[[ Given information open ]]
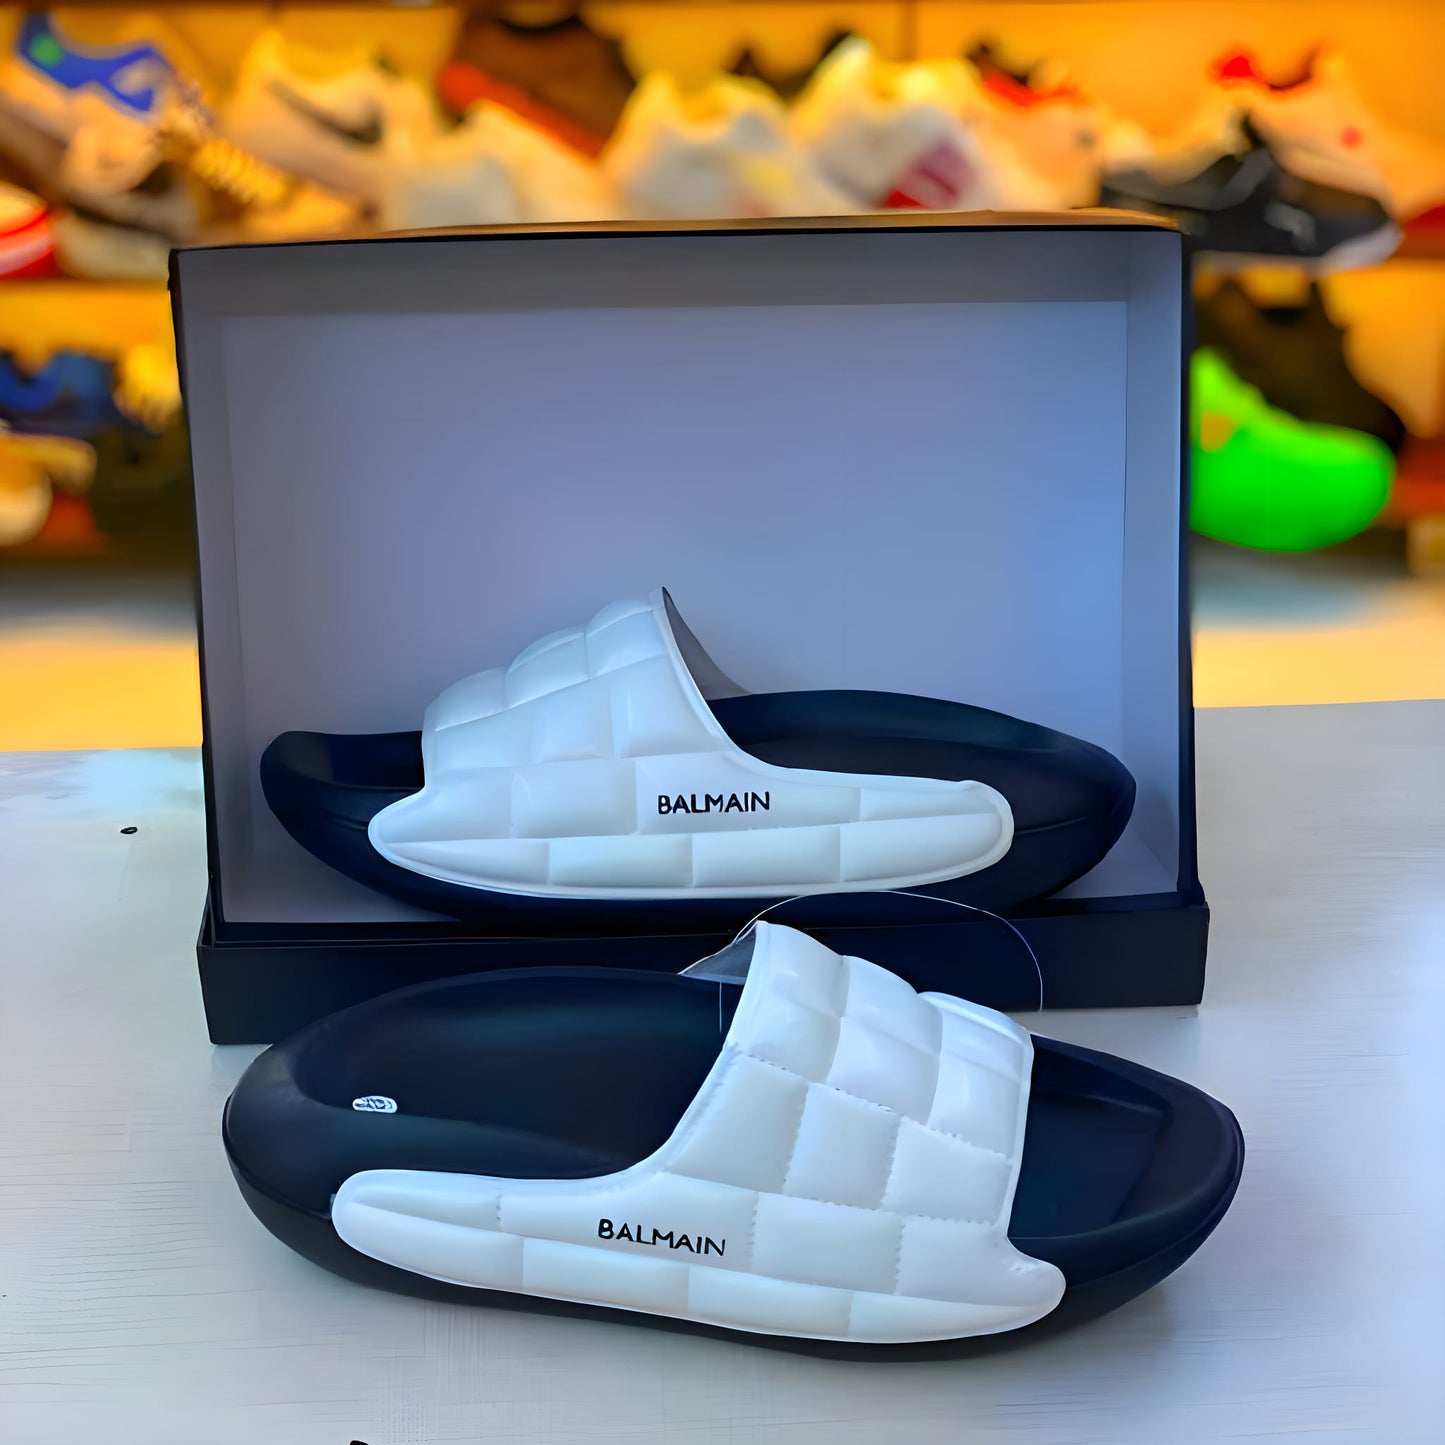 Imported white over black slippers
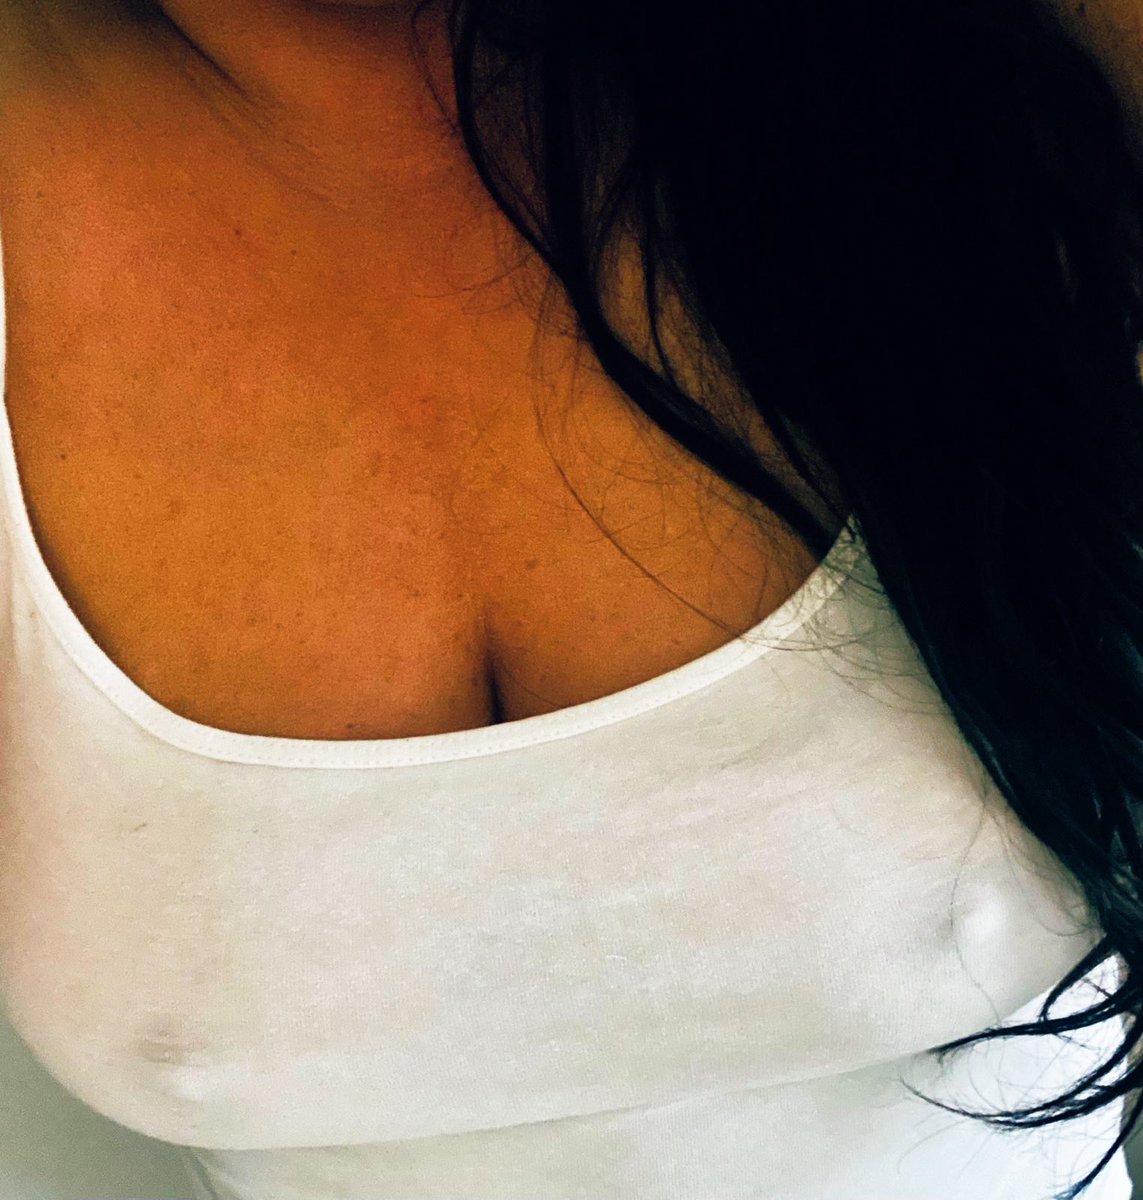 Well, I don't know if it doesn't help me too… no bra Wednesday, I really give up 😅 Visibility is zerooooo 😤 UPDATE! COLLECTED:525 Eur DONATE: PayPal.me/Edythas GOAL: 6000 Eur Thank you so much for helping me 🙏😘 Everyone helps a big time - retweet, boost and donate!
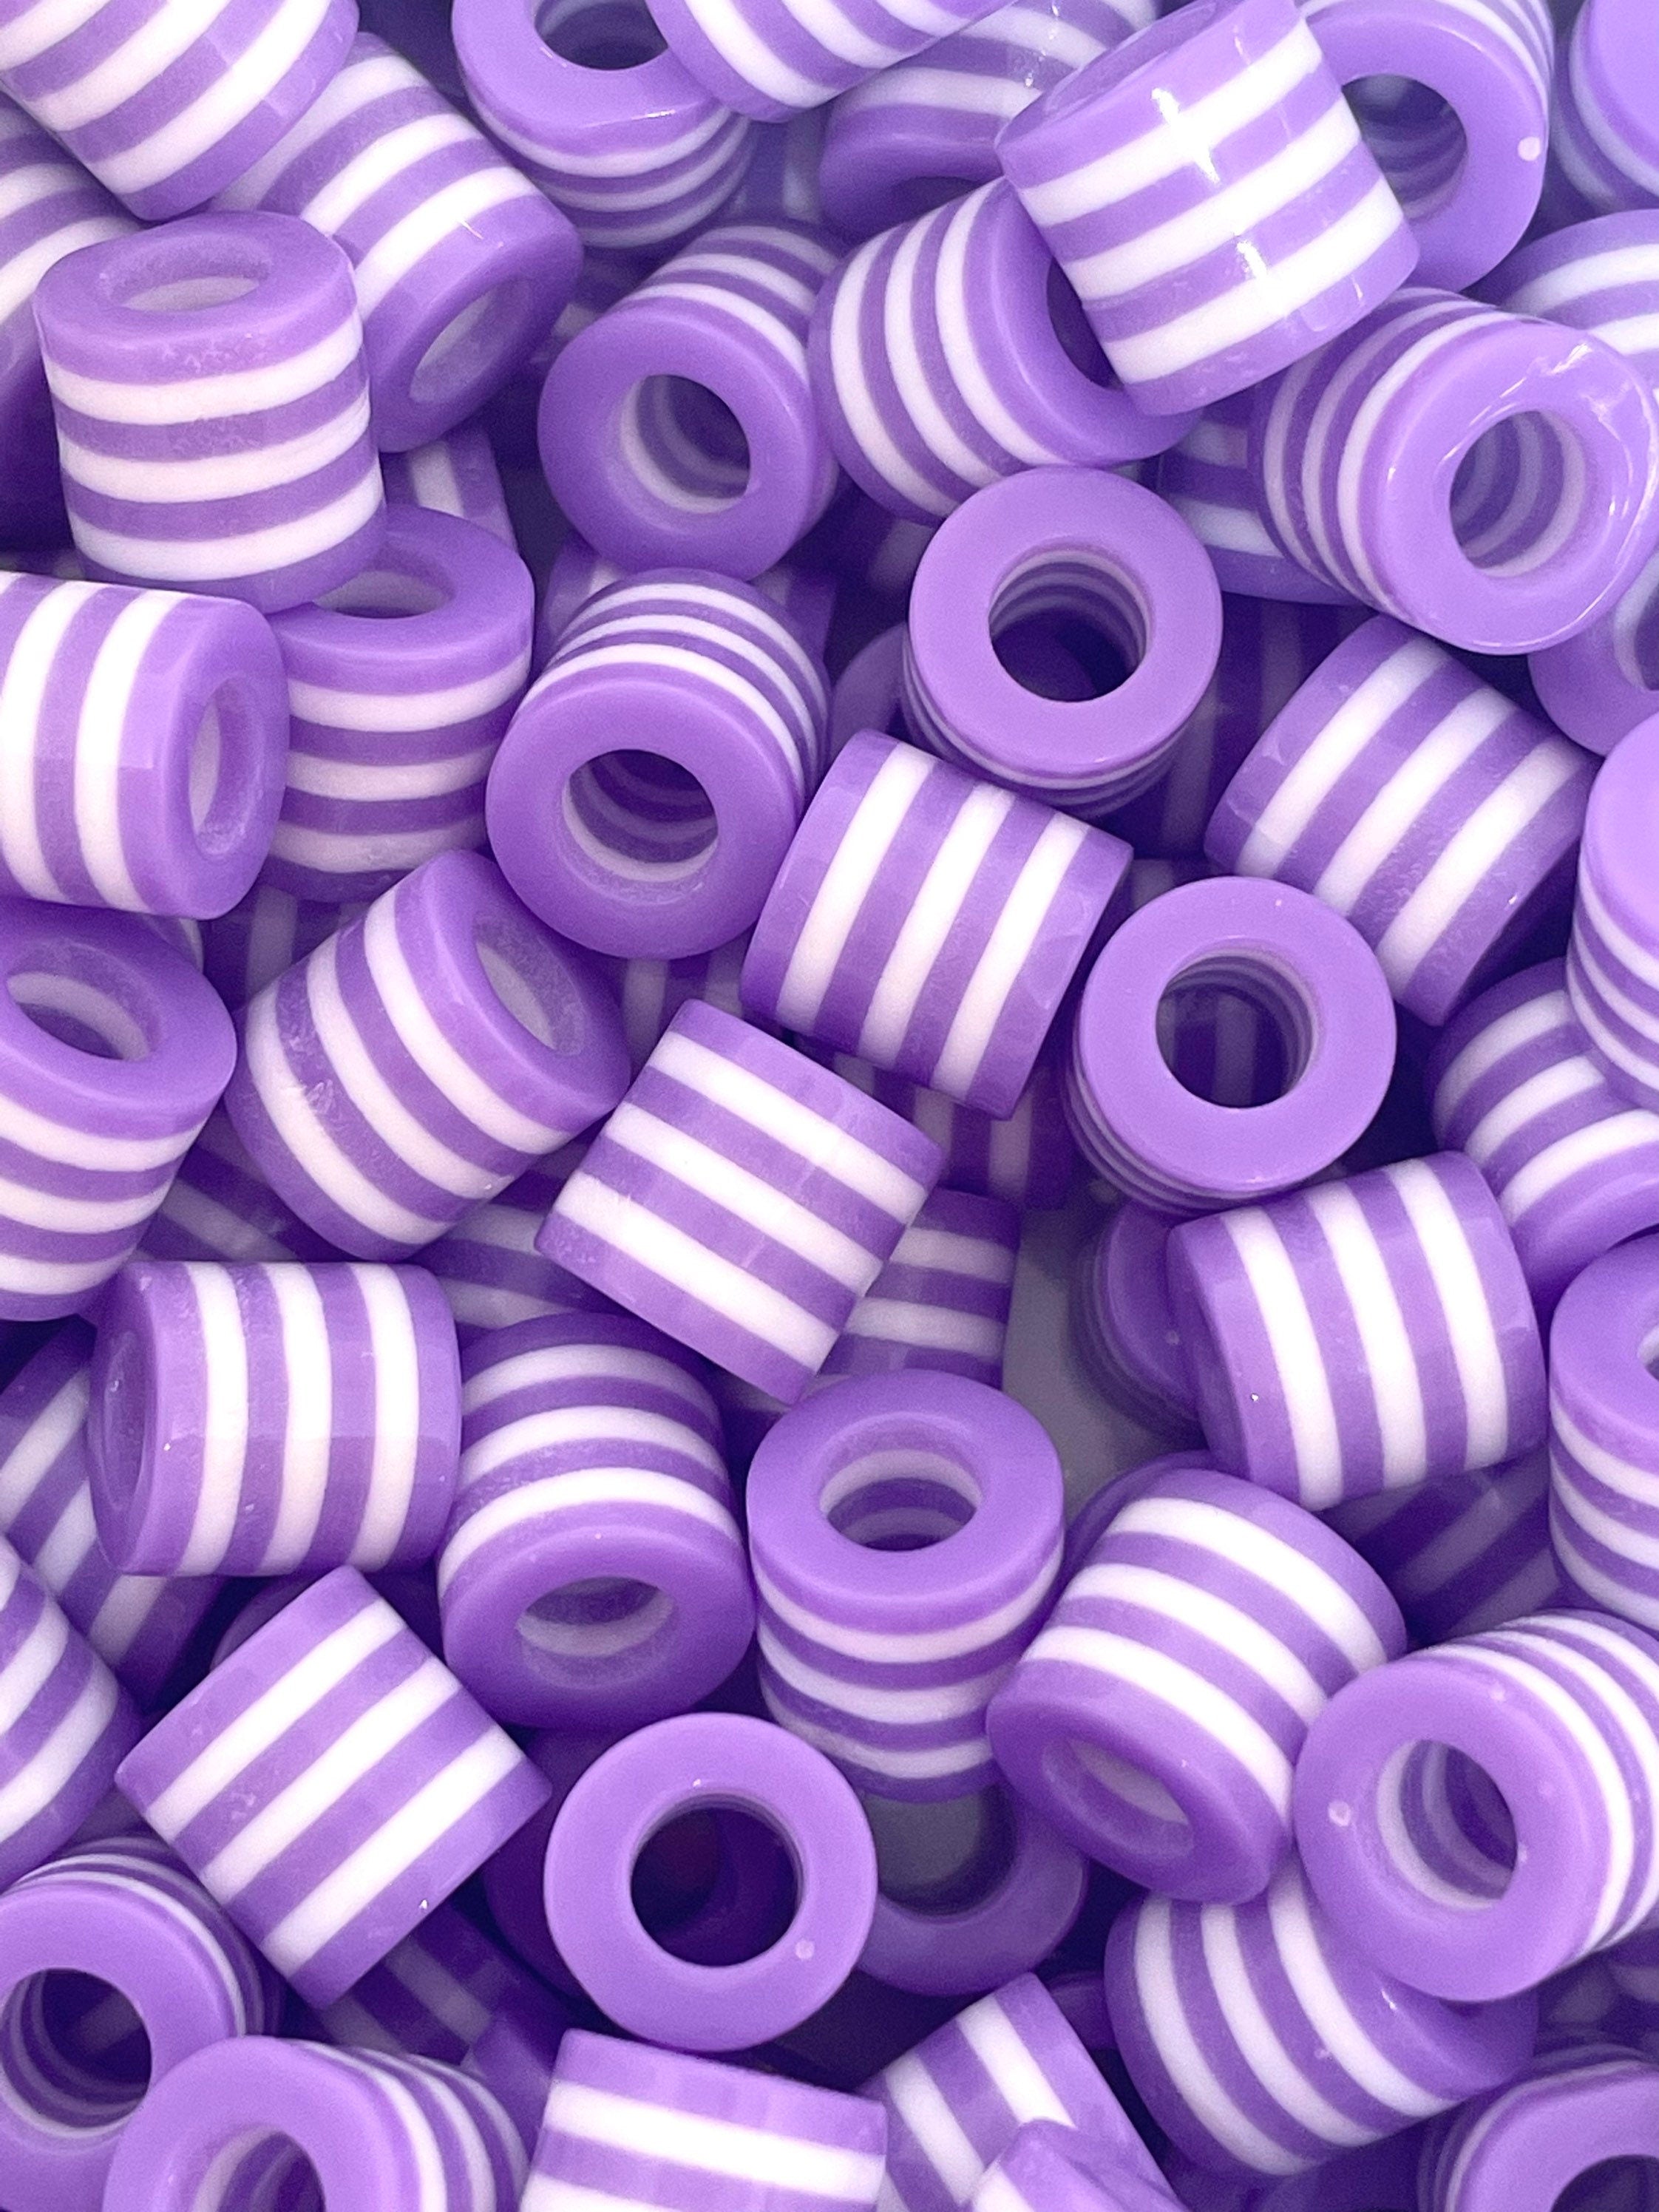 Purple Striped Drum Beads for Jewelry Making, Bracelet, Necklace, Hair, Striped Beads, Purple Beads, Lavender Themed
[[ Given information closed ]]
▶ _Your objective_
What you give back should be exactly the lines from the line holding "Well, I don't" through the final line of the material, both ends included, and please leave out the pictures.

▶ _Result below_
 Well, I don't know if it doesn't help me too… no bra Wednesday, I really give up 😅 Visibility is zerooooo 😤 UPDATE! COLLECTED:525 Eur DONATE: PayPal.me/Edythas GOAL: 6000 Eur Thank you so much for helping me 🙏😘 Everyone helps a big time - retweet, boost and donate!
 Purple Striped Drum Beads for Jewelry Making, Bracelet, Necklace, Hair, Striped Beads, Purple Beads, Lavender Themed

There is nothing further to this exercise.